Hindi-English Code-Switching Dataset

This dataset has text transcriptions and Hindi-English code-switched segment markings for audio recordings of two well-known Indian personalities - BK Shivani, a spiritual speaker, and Alia Bhatt, a film star. Each recording is from a 7-15 minute long YouTube video.

The transcriptions were written manually into .txt files as runnning text(without any punctuation) and are not time-aligned with the audios. Words spoken in Hindi in the audio appear in Devanagari script, and those in English in Roman script.

Code-switched segments were marked in 2 tiers of a Praat textgrid^[1] file and are time-aligned with the audios(Praat is a free computer software package for the scientific analysis of speech in phonetics^[2]). They are indicative of four kinds of code-switching:

H - segments with all Hindi words in Hindi syntax
H(E) - segments with some English words in Hindi syntax
E - segments with all English words in English syntax
E(H) - segments with some Hindi words in English syntax

Tier 1 has each of these regions marked separately, while tier 2 is a reduced form with H and H(E) combined as H, and E and E(H) combined as E. Besides, silences longer than some threshold duration are marked S.

The videos corresponding to each of the transcription files in the dataset can be found on YouTube at the following links:

Spiritual lectures by Brahmakumari Shivani didi (Mount Abu) -
- Destiny_is_YOUR_CHOICE_BK_Shivani.txt - YouTube Video
- Is_Everything_PreDestined_BK_Shivani.txt - YouTube Video
- Live_The_Life_You_Desire_BK_Shivani.txt - YouTube Video
- Mistakes_Need_Love_BK_Shivani.txt - YouTube Video
- Strengthen_My_Relationships_BK_Shivani.txt - YouTube Video
Interview on a film-release by Alia Bhatt -
- Alia1.txt - YouTube Video
- Alia2.txt - YouTube Video

Organisation of the Dataset
The dataset is organised as follows:

‘Transcriptions’ folder - contains all the .txt transcription files
‘Textgrids’ folder - contains all the .Textgrid files with code-switched segments

This dataset is being made available for non-commercial research purposes only.
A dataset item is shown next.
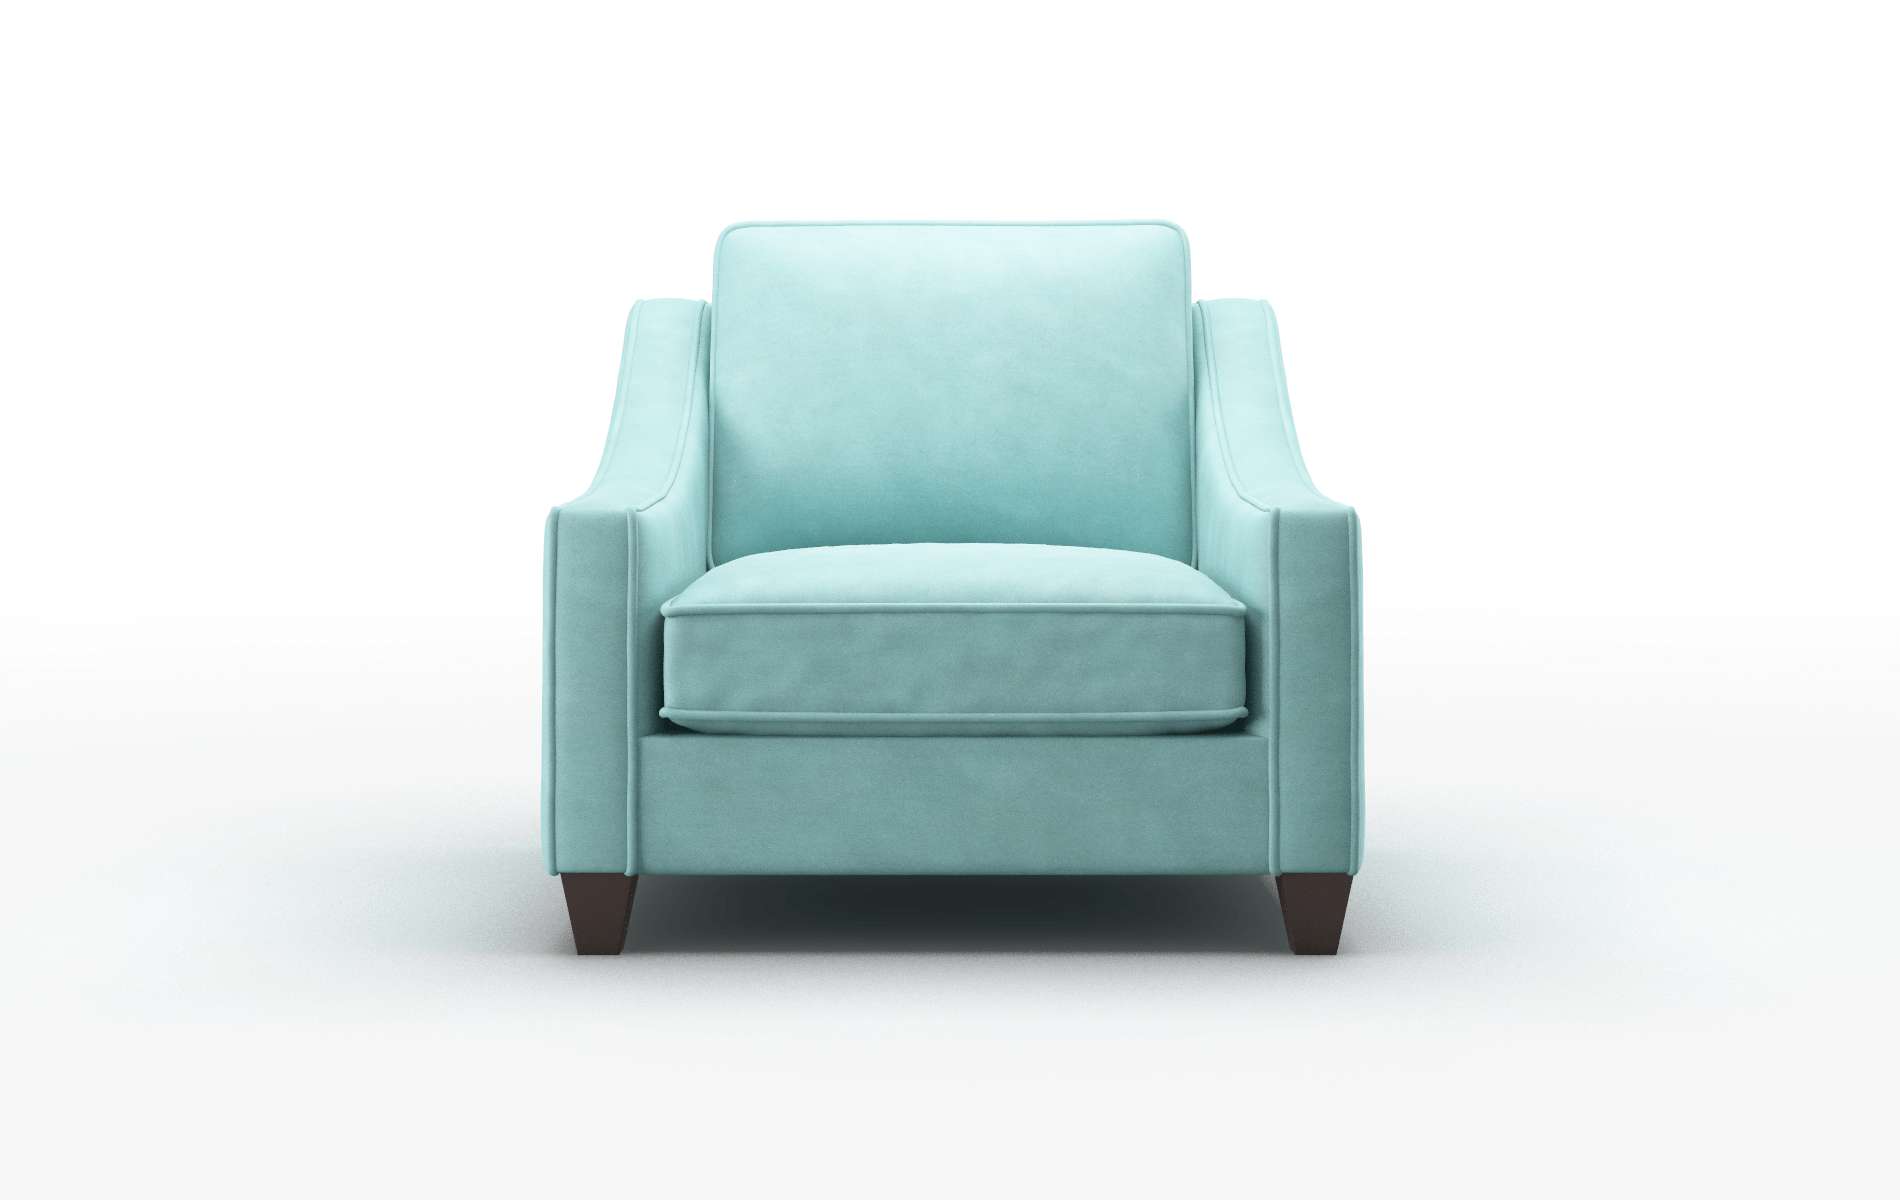 Sanda Curious Turquoise Chair espresso legs 1

Please do cite this paper if you happen to use this dataset in your research:

P. Rao, M. Pandya, K. Sabu, K. Kumar and N. Bondale "A Study of Lexical and Prosodic Cues to Segmentation in a Hindi-English Code-switched Discourse", Proc. of Interspeech, Sep 2018, Hyderabad, India.

Please contact us at this email id for a copy of the dataset:
prao@ee.iitb.ac.in
(Prof. Preeti Rao, Dept of EE, IITB)

References
[1] http://www.fon.hum.uva.nl/praat/manual/Intro_7__Annotation.html
[2] http://www.fon.hum.uva.nl/praat/

Cite as:
P. Rao, M. Pandya, K. Sabu, K. Kumar and N. Bondale "A Study of Lexical and Prosodic Cues to Segmentation in a Hindi-English Code-switched Discourse", Proc. of Interspeech, Sep 2018, Hyderabad, India.